After a stellar 1981 season, the 1982 season was disrupted by a work stoppage brought on by the NFL players strike. It seemed as if Butler was going to pick up where he left off during the 1983 season, until Week Nine against the New Orleans Saints. In the first quarter, Butler caught a 16-yard TD strike from Ferguson in a game the Bills would go on to win 27–21. However, Butler injured his knee in the game and would miss not only the rest of the 1983 season, but the entire 1984 season as well.

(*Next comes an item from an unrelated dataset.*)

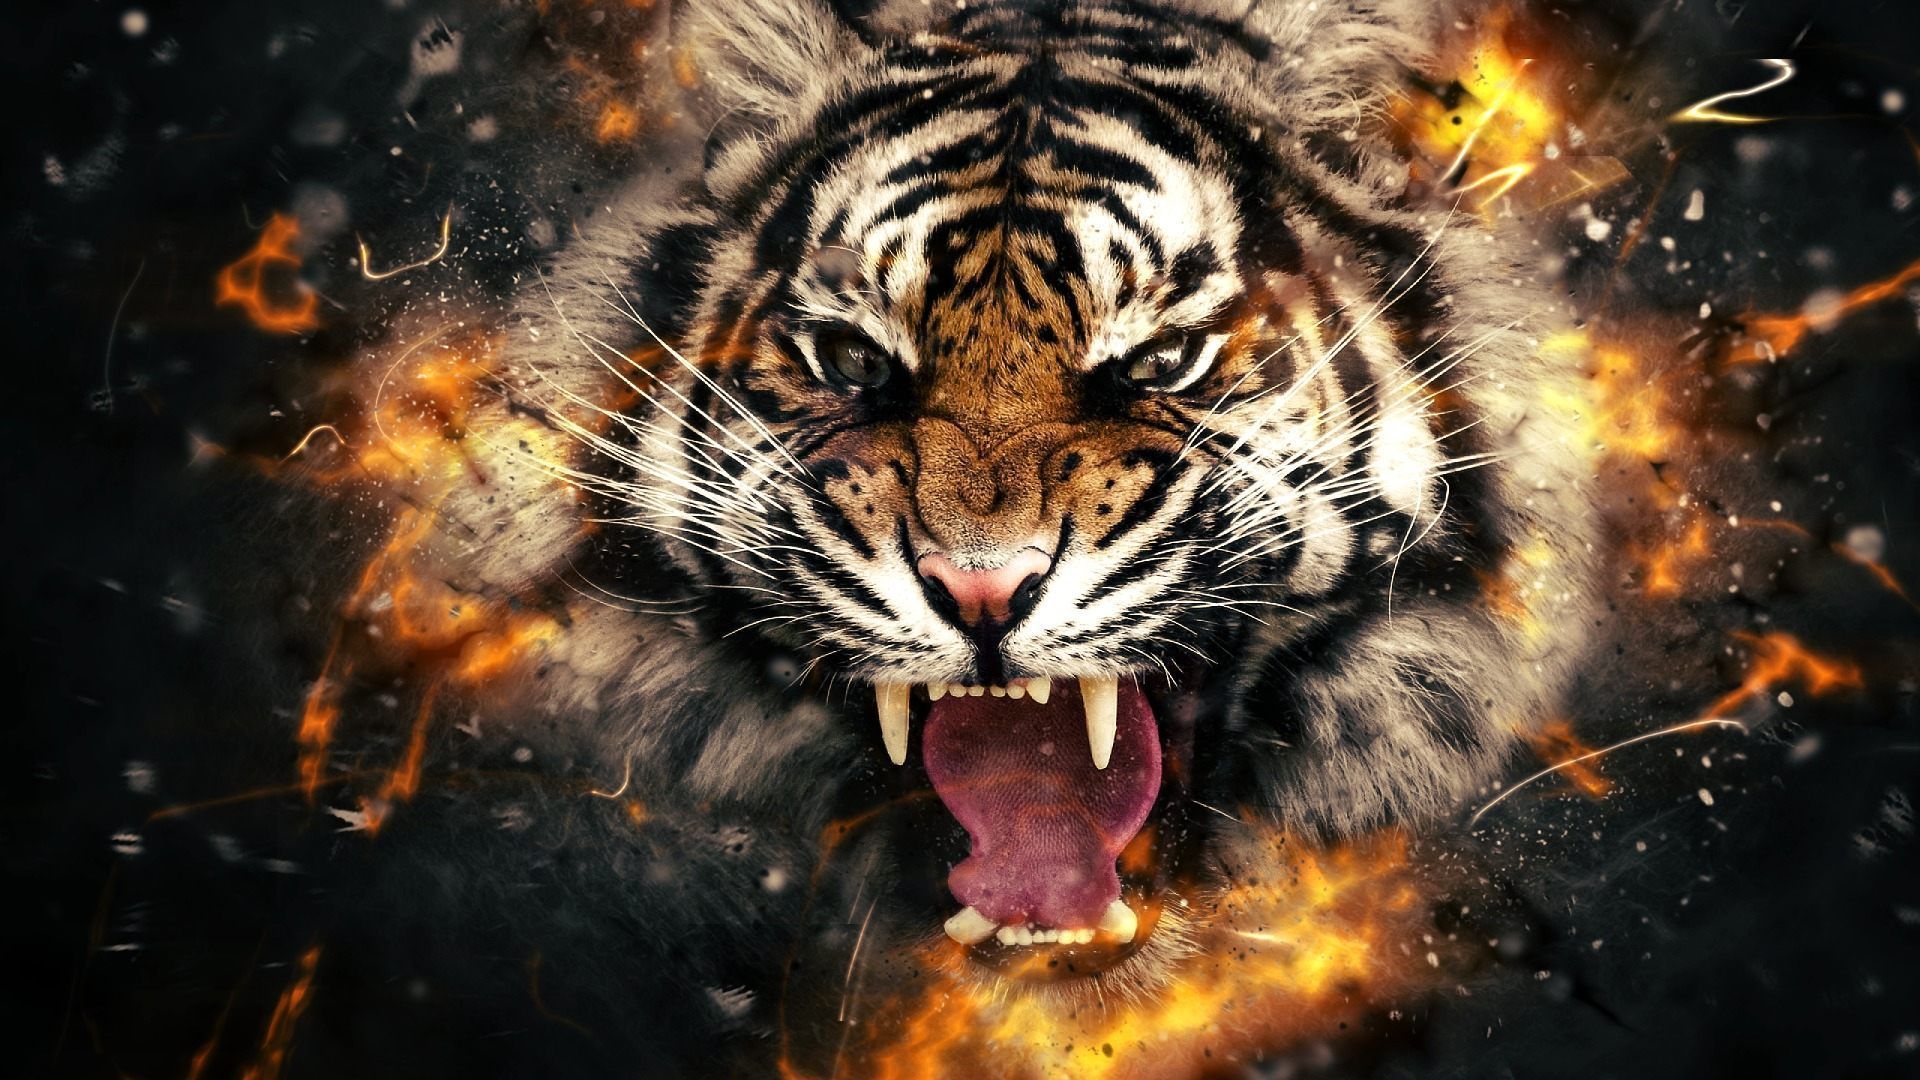 Tiger Head Wallpaper HD Download For Desktop Of Tiger Face

Butler made a comeback in 1985. He started 13 games that season, opposite Andre Reed. Butler caught 41 passes for 770 yards and 2 touchdowns. Midway through the 1986 season, Hank Bullough was fired as head coach, and replaced by Marv Levy. On November 16, 1986, Butler caught a touchdown pass from Bills quarterback Jim Kelly, but came down wrong on his ankle, and shattered it. Butler laid on the turf in the end zone as his teammates and Dolphins players each took a knee. The cart was brought out and Butler was placed on it, leaving the field for the final time as an active player. Despite multiple surgeries, Butler was unable to comeback and was forced to retire. Butler established himself as a community leader. He was the Buffalo Bills- NFL “Man of Year” in 1981 and 1982, and Buffalo Bills Ed Block Courage Award recipient in 1985.

==NFL career statistics==

Legend
| Bold | Career high |

=== Regular season ===

| Year | Team | Games |  | Receiving |  |  |  |  |
| GP | GS | Rec | Yds | Avg | Lng | TD |
| 1979 | BUF | 13 | 13 | 48 | 834 | 17.4 | 75 | 4 |
| 1980 | BUF | 16 | 16 | 57 | 832 | 14.6 | 69 | 6 |
| 1981 | BUF | 16 | 16 | 55 | 842 | 15.3 | 67 | 8 |
| 1982 | BUF | 7 | 7 | 26 | 336 | 12.9 | 47 | 4 |
| 1983 | BUF | 9 | 9 | 36 | 385 | 10.7 | 25 | 3 |
| 1985 | BUF | 16 | 13 | 41 | 770 | 18.8 | 60 | 2 |
| 1986 | BUF | 11 | 6 | 15 | 302 | 20.1 | 53 | 2 |
|  |  | 88 | 80 | 278 | 4,301 | 15.5 | 75 | 29 |

=== Playoffs ===

| Year | Team | Games |  | Receiving |  |  |  |  |
| GP | GS | Rec | Yds | Avg | Lng | TD |
| 1980 | BUF | 1 | 1 | 2 | 19 | 9.5 | 12 | 0 |
| 1981 | BUF | 2 | 2 | 5 | 104 | 20.8 | 54 | 1 |
|  |  | 3 | 3 | 7 | 123 | 17.6 | 54 | 1 |

==Front office, awards and achievements==
In 2019, Butler won the Brian Dawkins Lifetime Achievement Award, which honors former Clemson players for their leadership not just on the field, but in the community as well. In 2015, Butler was hired by the Chicago Bears as their director of player development. Butler had also held front office positions with the Bills, Cleveland Browns, Denver Broncos and was a receivers coach for a season with the Browns. Just two years later, Butler retired from football, and left his position with the Bears.

In 1986, Butler was named to the Clemson Tigers Hall of Fame. Ten years later, he was named to Clemson's Centennial team, and finally, in 1998, he was named to Clemson's Ring of Honor.

In 2019, Jerry Butler was inducted into the Ware Shoals High School Hall of Fame.